----- Raw data

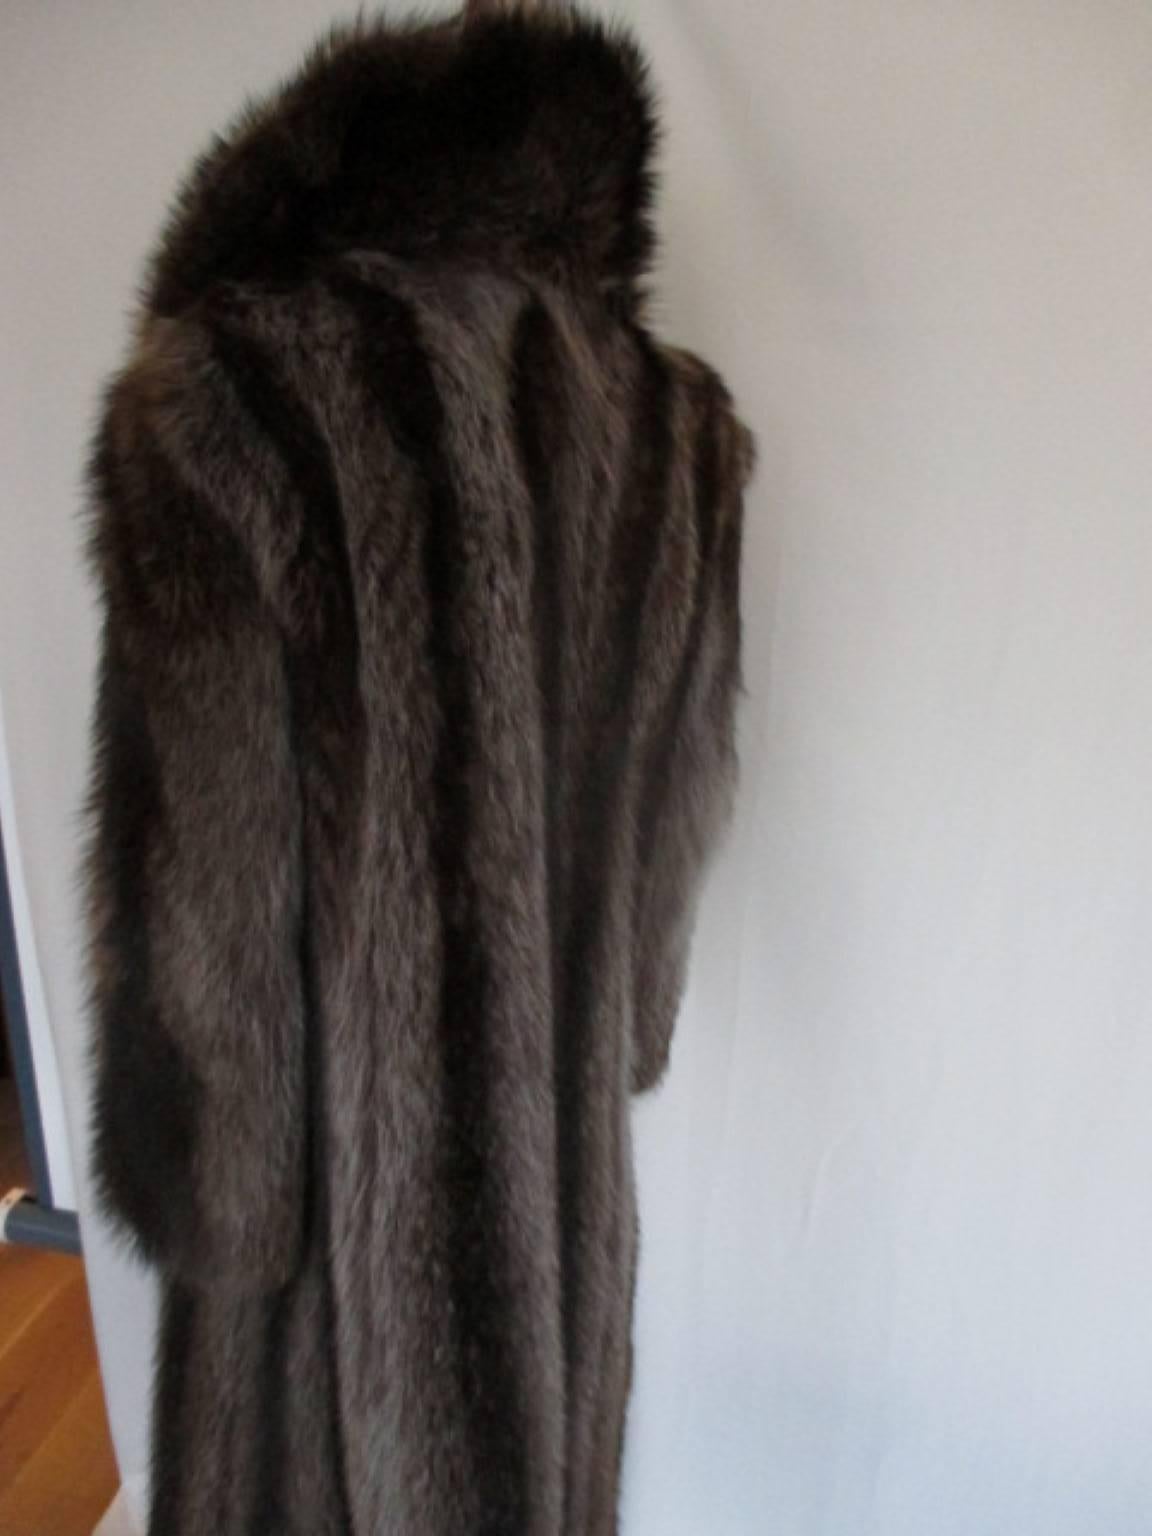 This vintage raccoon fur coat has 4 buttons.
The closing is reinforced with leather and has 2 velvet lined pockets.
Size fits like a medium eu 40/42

----------

▶ **What to work on**:
Repeat each line of the material exactly, and drop any image it carries.

▶ **Result of the exercise**:
 This vintage raccoon fur coat has 4 buttons.
The closing is reinforced with leather and has 2 velvet lined pockets.
Size fits like a medium eu 40/42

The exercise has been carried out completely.